Sunday, 12 October 2008
AI 107 OECD Health Systems are broken – local and global health systems need to be redrawn by governments and markets
The McKinsey Quarterly has just published a report called Health Care Costs – A Market View.
Basically it shows the past and future trends.
For the past 50 years, health spending has grown by 2% in excess of GDP growth across all Organization for Economic Co-operation and Development (OECD) countries.
McKinsey takes the past 50 year growth patterns and shows what happens if the trend continues.
What better way to ascertain whether the OECD health systems are broken?
The projections show around 40 years from now, most OECD countries will have reached 20% GDP being spent on health.
The UK is already around 8% GDP and its health system is already under strain. The notion of this 8% becoming 20% GDP is unthinkable. It simply is not affordable. Therefore, the health system is broken. Something has to dramatically change before a tipping-point is reached, leading to a crises similar to today’s credit crunch, except it will be a lot bigger and a lot more serious.
But these projections are more worrying when one examines those countries that already have over double the UK health expenditure. The one country that stands out is the USA.
The USA health expenditure already is around a colossal 17% of GDP. No wonder health in the USA is political dynamite.

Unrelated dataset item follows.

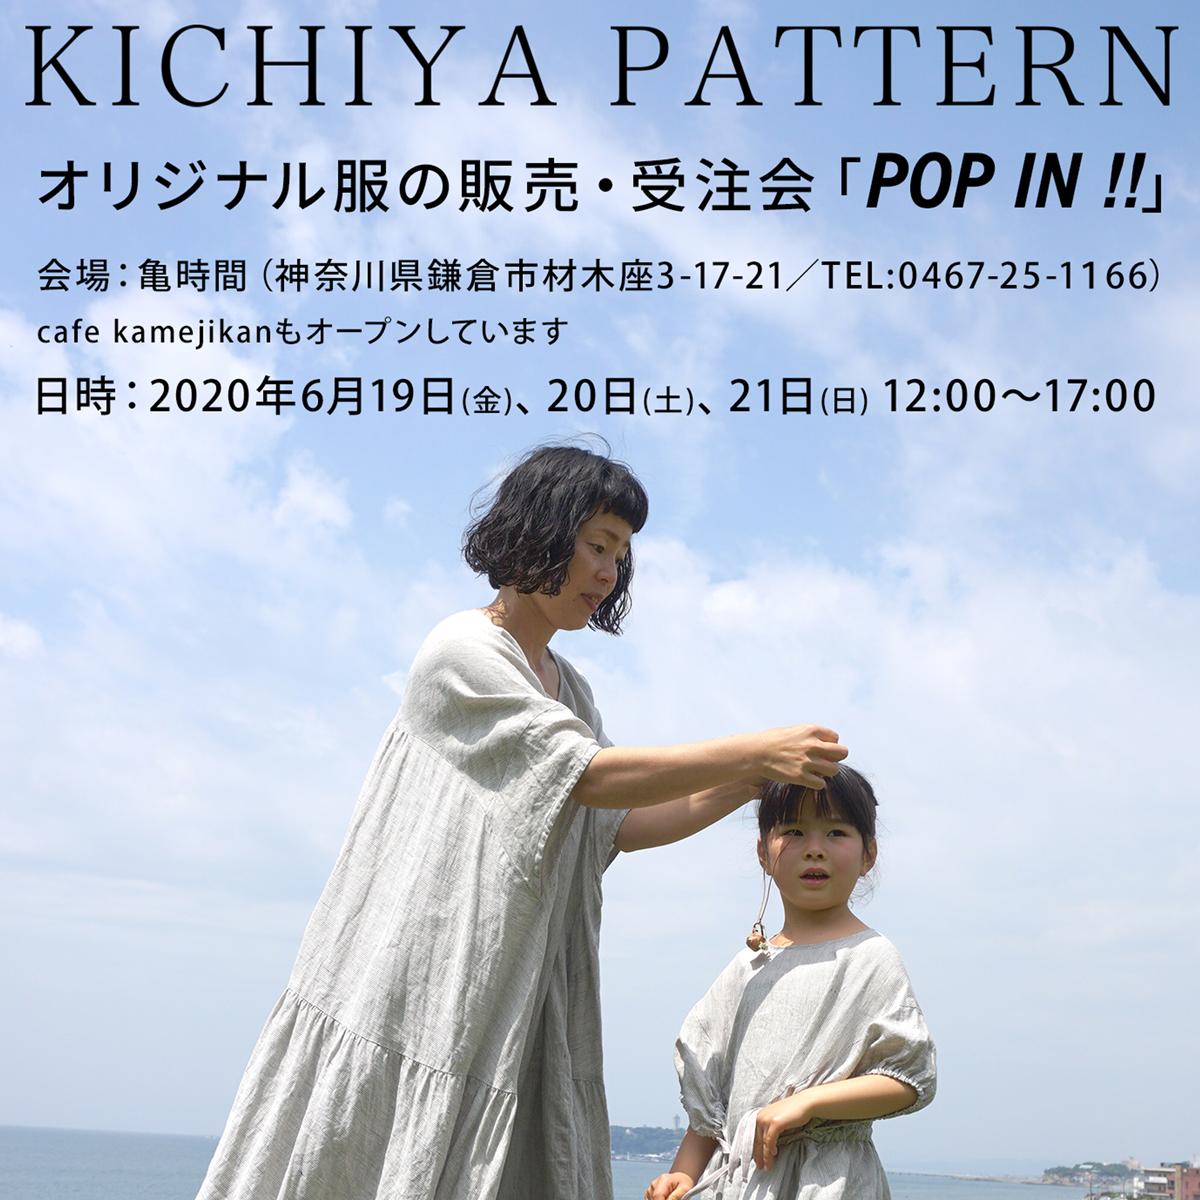 2020年6月19日(金)~21日(日)「POP IN!!」KICHIYA PATTERN オリジナル服の販売・受注会

The McKinsey projections, based on past trends, indicate that by 2080, the USA will be spending more than 50% of its GDP on health. This will not happen. The USA would be bankrupt well before this number is reached.
In reality, this problem is even more serious for the USA today than these figures show.
In 2006, 15.8% of the USA population had no health insurance policy. That means in 2006, 47m USA citizens were relegated to ‘your are on your own’ and ‘go find a charity’, which is closer to many poorer regions across the planet. The number of USA citizens without insurance may already have reached or passed 20%, but we have to wait quite some time before the figures are known for 2008. Remember, 2006 was the ‘good’ times.
This situation is further compounded by the number of USA citizens that have inadequate health insurance.
The McKinsey study was unable to factor in the latest market conditions before this report was published. Therefore, what does the credit crisis mean to OECD GDP heath trends?
The illiquidity in the financial markets on a global scale is shrinking OECD GDP figures.
Yet, the health expenditure continues to rise.
This means the health GDP spend will already be a greater percentage and indeed could rise sharply for some OECD countries. The critical question is how much closer we are now to the tipping point, before health GDP expenditure has a negative impact upon OECD sustainability and a new global crisis emerges.
In reality, the OECD health systems are already broken in the same way as toxic securities broke the financial systems some time ago, but no one was bothered until the terminal sirens started late last year.
Urgent new innovative solutions are needed now.
Health needs to move from knowledge illiquidity to knowledge liquidity on a global scale so the world’s population en masse moves towards preventative and curative self-help systems.
This benefits richer and poorer countries alike as both are in the same health crises boat but for different reasons.
Health knowledge is likened to money. Illiquidity is bad. Liquidity is good. Today, health knowledge is illiquid. Everyone should have the right to interact with health and medical expertise when they need.
This means one needs to shift from knowledge illiquidity to knowledge liquidity for solving this global health crises.
This can only be achieved with technology.
Artificial Intelligence is the ‘acquisition, application and measurement of knowledge’. AI is needed for knowledge liquidity because the costs and scarcity of human expertise prohibit more conventional solutions.
Indeed, ai agents combined with other technologies, such as Cloud Computing, Mobile and Virtual Worlds for immersive engagement and executed through controlled open-sourced manufacturing, provide the means to deliver health knowledge liquidity on a global scale.
This is no longer a technology or social networking challenge as all the pieces are there today.
This is a challenge for global leadership.
Local and global health systems need to be re-drawn by governments and markets.
Who will step forward or do we just wait for an even bigger crisis to emerge?